09/25/2008


I want to keep you all up with the latest action in Washington regarding protecting your savings. I taped a recent appearance on the Oprah Winfrey Show on the morning of Thursday Sept. 18, right in the midst of much market turmoil. On the show I told you all that money market funds you buy through brokerages and mutual fund companies are not insured the same as money market accounts that you buy at an FDIC-insured bank.
The show did not air until Tuesday Sept. 23. And between when I taped the show and it aired, the U.S. Treasury department announced a plan to set up a guaranty fund for money market mutual funds.
The reason the Treasury took this unprecedented step is that there was a huge run on MMMF accounts. After one fund “broke the buck” and told investors they would lose 3 cents for every dollar invested, it sent off shock waves. Concerned investors decided to bail out of their uninsured money market funds and move their money into safer savings vehicles. As I discuss in this Suze Scoop it indeed made a lot of sense to move into an FDIC-insured bank account, or simply shift money from regular MMMFs into a Treasury MMMF offered at your existing broker or fund company. A Treasury MMMF doesn’t have implicit insurance, but it doesn’t need it because it invests in securities issued by the U.S. Government; your money has the super safe backing of the “full faith and credit” of the U.S. government.
Okay, so now that the Treasury has stepped in, can you stop worrying?
Maybe.
While it is clear that the Treasury is motivated to prevent any consumers from losing money in a MMMF account, the details of the guarantee plan have yet to be worked out, so it is not clear exactly what and what will not be protected by the U.S. government.
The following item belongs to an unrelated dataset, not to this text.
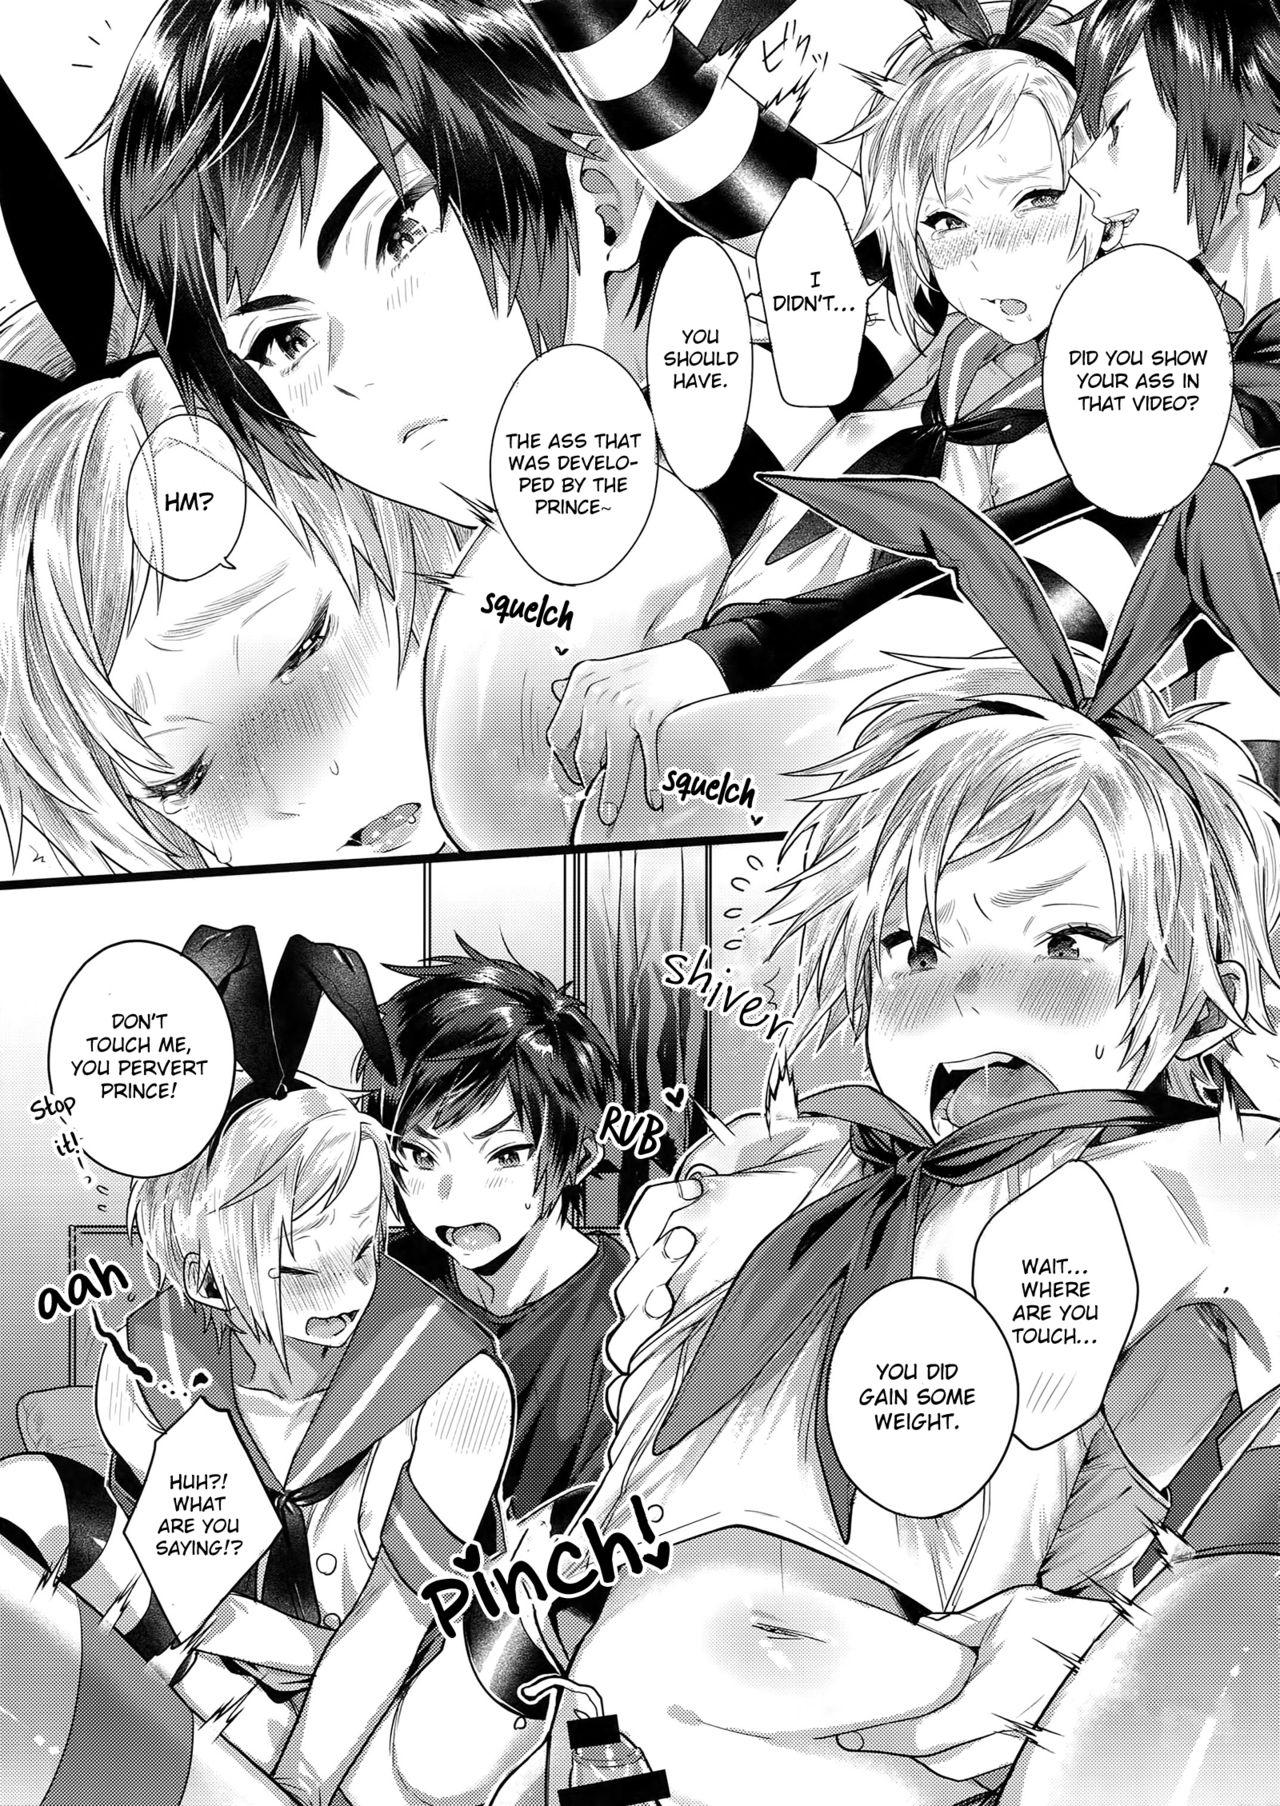 Gay Black Taikei Iji no Shudan | Prompto Argentum-kun's Means For Maintaining His Body Shape! - Kantai collection Final fantasy xv Porn Star - Page 8

All we know right now as of this scoop is this: - Protection will be extended only to account deposits of record as of Sept. 19, 2008. So this protection is not going to extend to any new savings.
- It is not clear how much of your money will be protected; legislators are now pushing for the coverage to be similar to FDIC dollar limits.
- It is also not clear how long this Treasury guarantee will be in place. It may be for one year.
- Your brokerage or fund company will have to agree to participate (pay an insurance fee) into the plan. This is no different than the FDIC or NCUSIF insurance programs; only firms that pay into the pot can extend the guarantee to their clients. So it will be imperative to confirm your brokerage or fund company has joined in.
So here’s the Scoop: - I still think it makes a lot of sense to move money into your brokerage or fund firm TREASURY MMMF. Then when the smoke clears and we know exactly what the terms of the guarantee are, you will be able to easily move back into your original MMMF if you want.
- Or if you are still super concerned, then go ahead and move your accounts into a an FDIC-insured account at a bank. With all this market turmoil you never have to apologize for making decisions that provide you the utmost safety.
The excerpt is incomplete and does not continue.